I was thinking about Vi's situation, and it could be diet related. I'm sure she didn't get the best diet. And she was pretty matted when I got her, so it could just be either damage from that or maybe just frizzy beause it's used to be matted. I don't know. But we're working on it. :0)
~~Cheri~~


----------



## cloey70 (Jan 6, 2008)

I use Garnier Fructis Sleek and Shine conditoner, and Pantene detangler leave in conditioner when burshing daily. I don't have too much static, but I have noticed a nice change in Cliffords coat using the Pantene everyday, plus it smells sooooo good. I also use all the Spa Lavish Shampoos and Conditioners too. Good Luck


----------



## bellaratamaltese (May 24, 2006)

> OKay, I'm having the same problem, I think?? My little one is one big static-y mess. The minute I touch him or brush him his hair sticks straight out. I've tried the slicker conditioner and a special leave in conditioner that the groomer recommended but it doesn't seem to help.
> I thought about trying a "human" conditioner but my groomer said absolutely not because of the acidity would dry out Murphy's skin.
> I could use any help any one can give me. I even thought about putting him on emu oil to see if that helped.
> 
> HELP!!![/B]


I wouldn't put him in emu oil, once you put them in oil, you pretty have to leave them it or they turn into a matting mess. Your groomer is mistaken, maltese do just fine with human shampoos/conditioners. If they didn't, the top maltese breeders/handlers wouldnt' use it, believe me! 
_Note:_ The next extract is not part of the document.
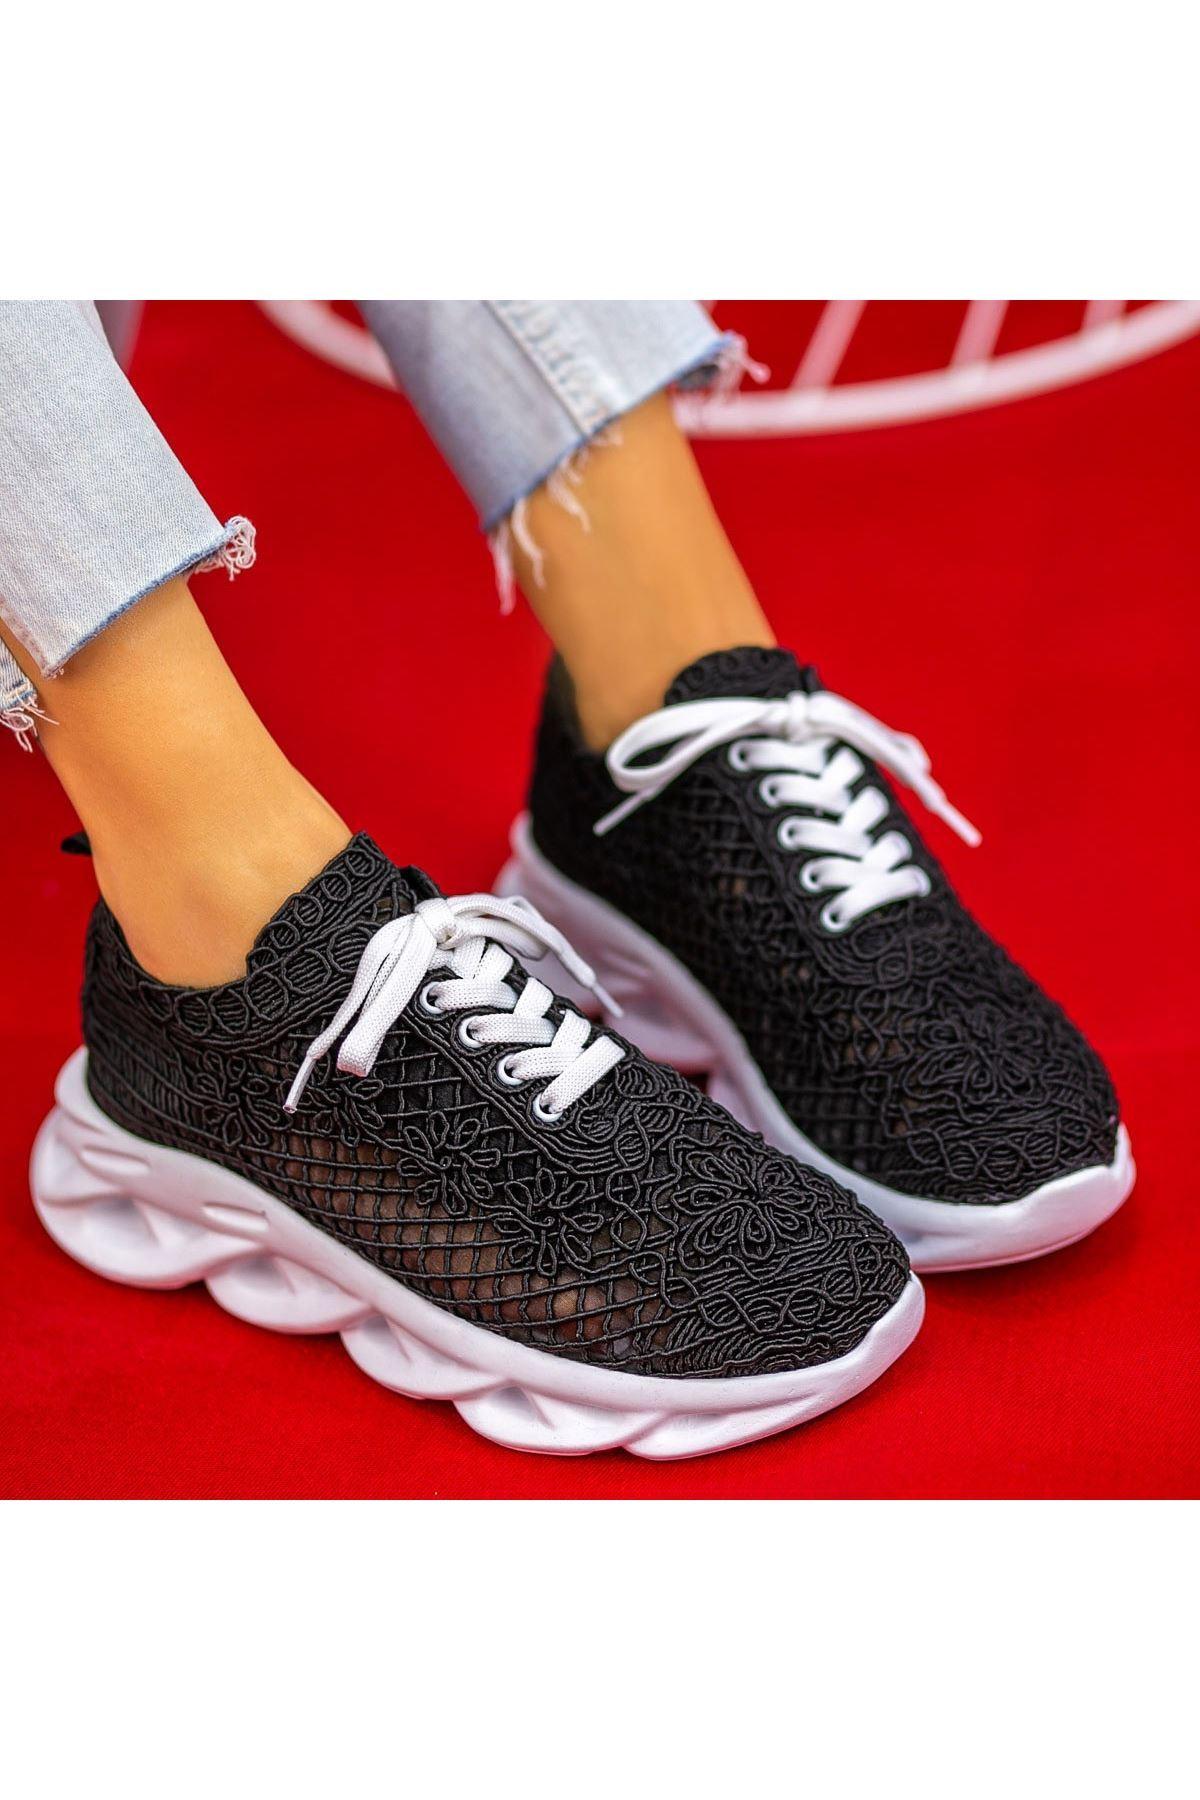 Elic Siyah Dantelli Bağcıklı Spor Ayakkabı

For the static, you can try using a downy sheet (scentless, preferably but I can never fine that one!) and smooth it over the coat and/or your hands/brush/comb to help the static, esp when you are brushing. 

The Garnier Fructis is the sleek and shine one. cowboy Magic you can find online or at a feed store (I think it's for horses, primarily) and I've never heard of using the coconut oil but that doesn't mean much! I have a Plush Puppy product that I like using as a finishing thing when I show, http://www.plushpuppyusa.com/catalog/item/...330/1454385.htm

There are also these two products that I use on Caira when I bathe her altho this is a 'new' thing I've been doing so I am not 100% sold on it, mixing Swishy Coat with Blow dry cream and leaving it in for a final rinse. 
http://www.plushpuppyusa.com/catalog/item/...330/1454375.htm
http://www.plushpuppyusa.com/catalog/item/...330/1454376.htm


----------



## Toby's Mom (May 7, 2004)

In the past, I've had problem with frizz and Toby's hair. I used what I use on my own hair--Farouk's Repair & Shine. It worked wonderfully.

Here is a bit of information about it: Repair & Shine


----------



## M&M (Jan 12, 2008)

I like using the Aussie conditioners as well. They used to make an awesome detangler but stopped this year. I was distraught because not only did the boys lose the best product ever but so did I (my hair is past my bum). My mom was the one who got me using it. My dad has a yorkie and she figured if it worked in my long hair it would work for the dog (smart woman my mum).


----------